Trading Autonomy for a VC’s Emotional Commitment
For many small-business owners, the hardest part of an equity investment is giving up control of the business they created. Whether a VC firm acquires a controlling or minority stake in the business, it will likely become a very proactive partner in managing it.
“Half the job of a VC is to figure out what to invest in; the other half of the job, especially for the lead VC, is to make sure what you invested in succeeds,” explains Fay.
That means VCs tend to stick with their companies. “VCs make a professional and frankly, more important, an emotional commitment that this business is part of what they're going to do for the foreseeable future,” says Ammirati.

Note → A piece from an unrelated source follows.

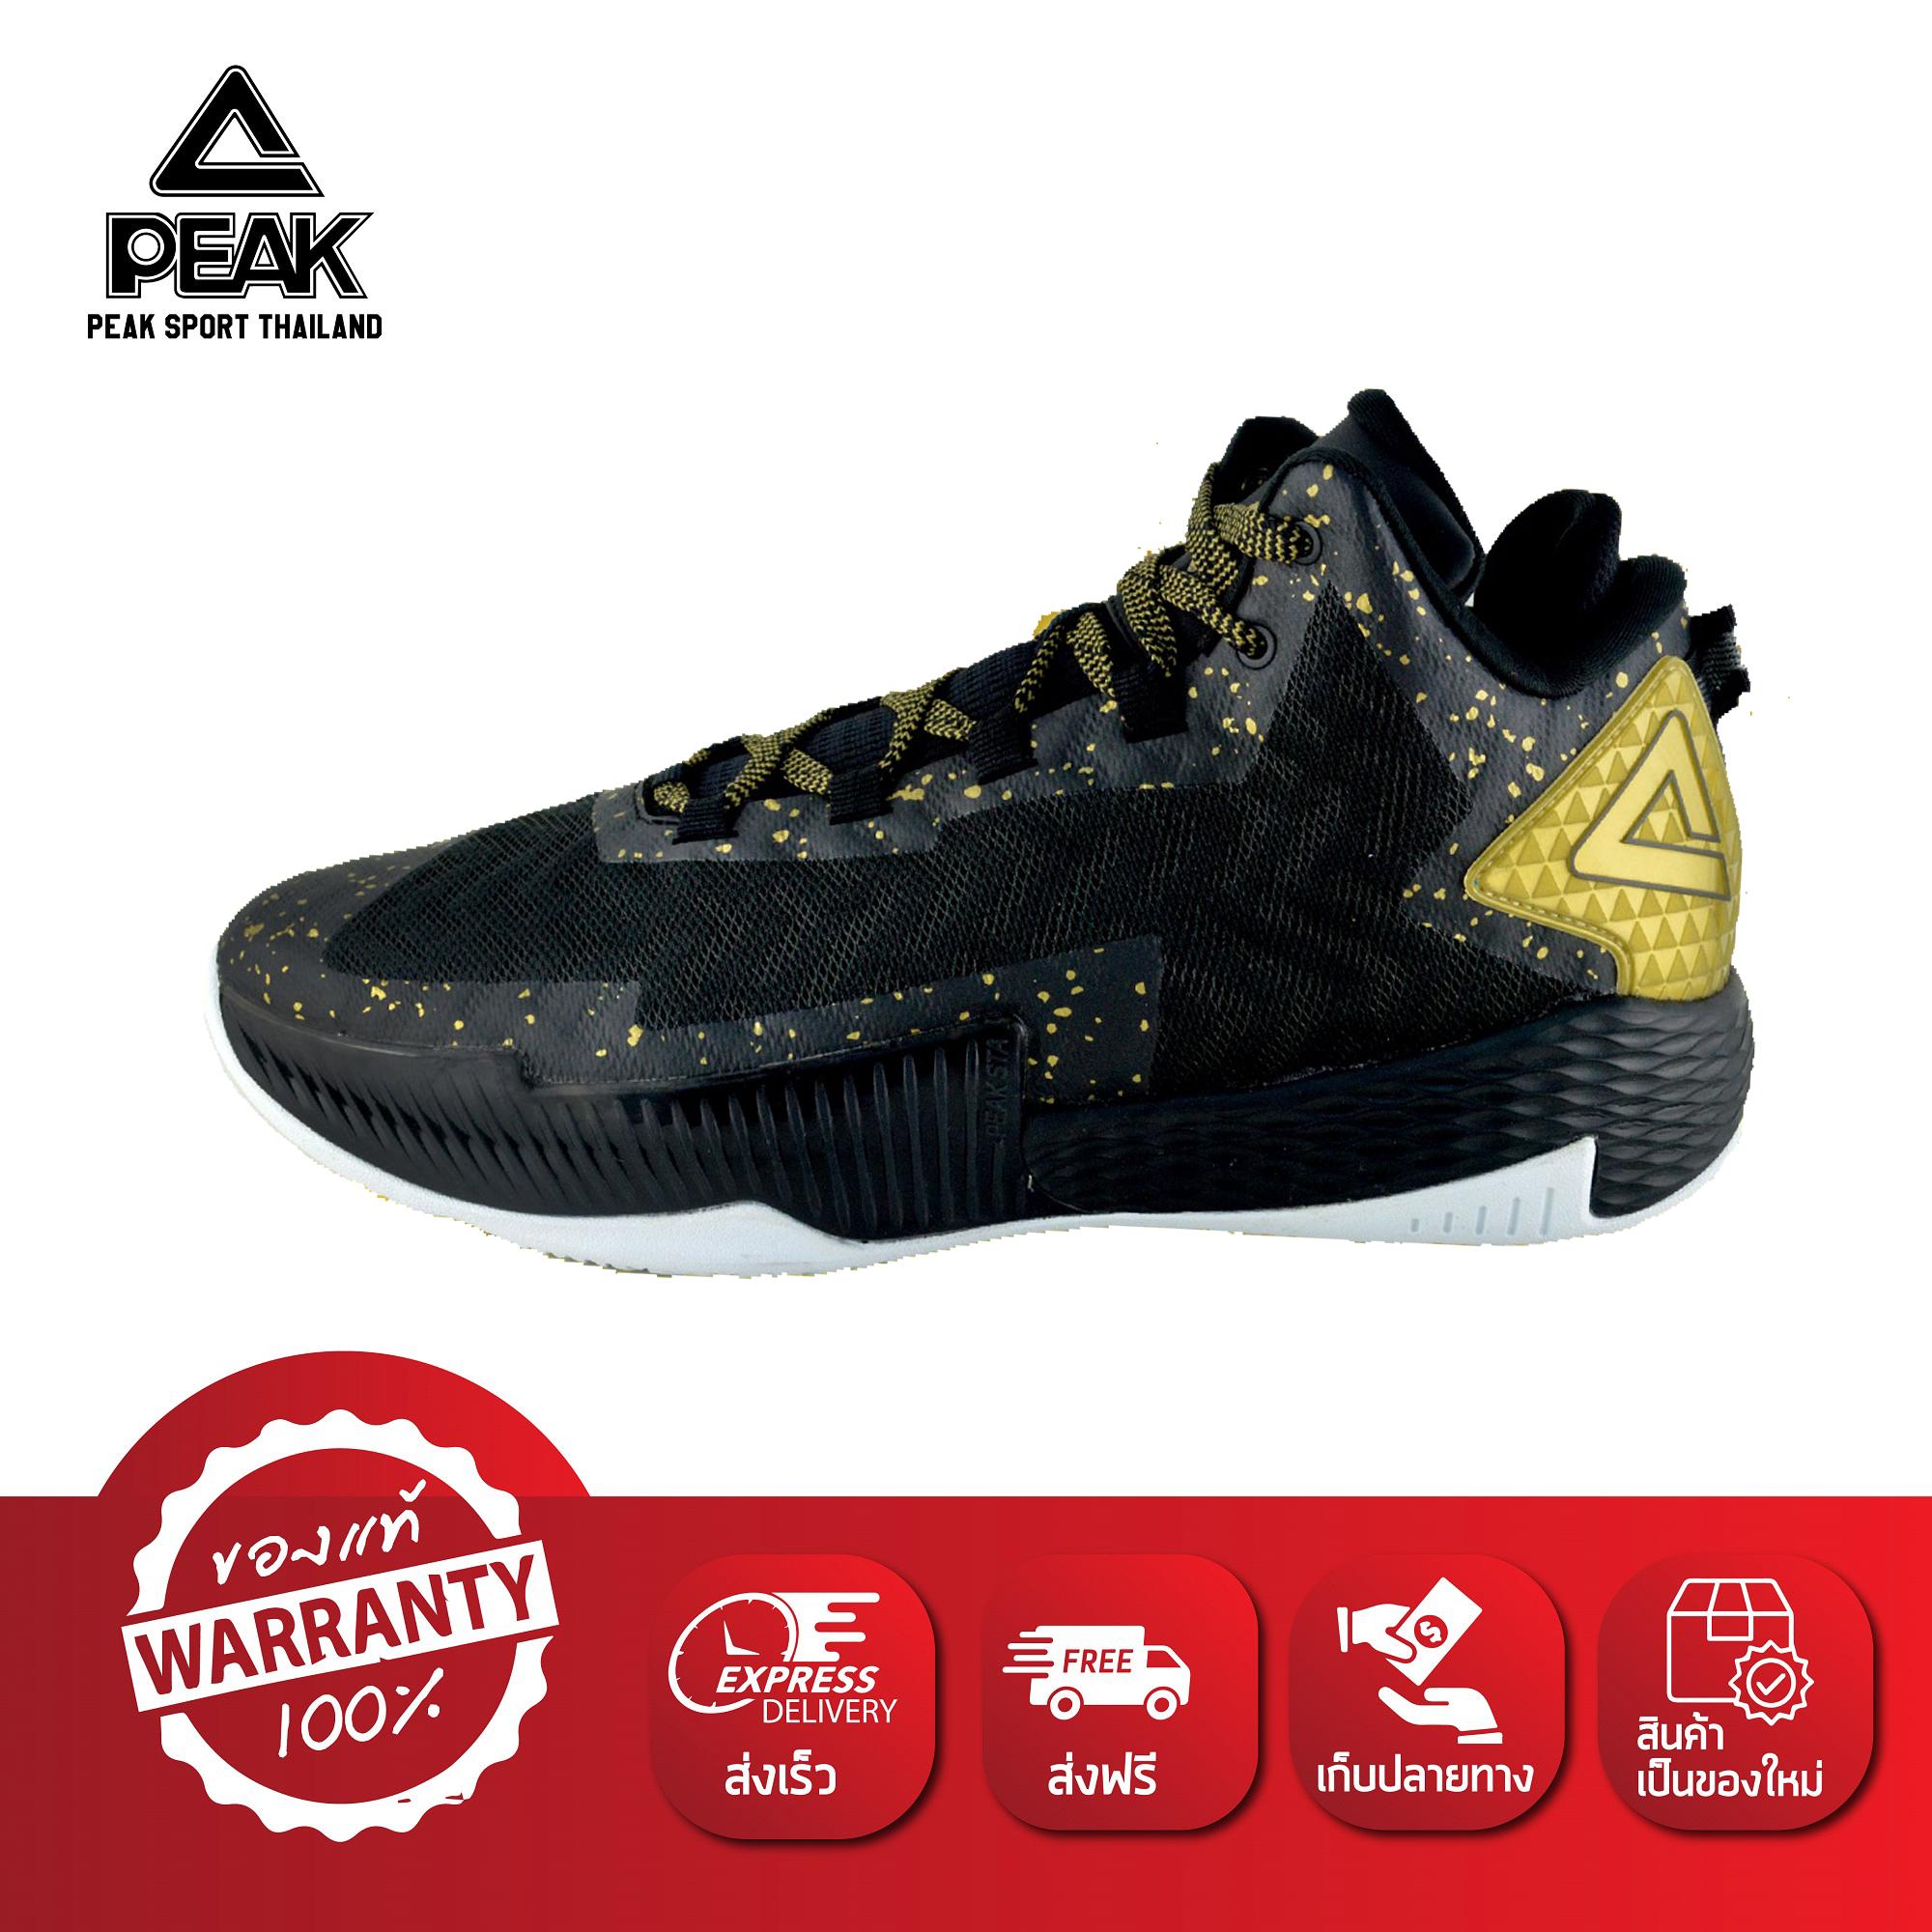 PEAK รองเท้า บาสเกตบอล ระดับ เอ็นบีเอ NBA Basketball shoes พีค รุ่น E81053A (มี 4สี ดำ,แดง,ชมพู,ม่วง)

Fay sums it all up: “This is why, for the right type of company, an investment from an institutional VC can be a huge advantage. It’s because of how far they'll go, not just providing capital, but to make sure you don't fail. Because your failure would be their failure, too.”
The Takeaway
Venture capital investment doesn’t work for everyone: Those 11,651 VC investments mentioned above amount to only 0.04%of the 32.5 million small businesses counted by the U.S. Small Business Administration for 2021. And that doesn’t even account for the possibility that more than one of those investments went to the same companies.
But for rapidly growing businesses with strong competitive advantages – and owners willing to share control – a VC can be a source of needed capital as well as a supportive partner with deep professional networks, all of which enhances a business’s chances for success.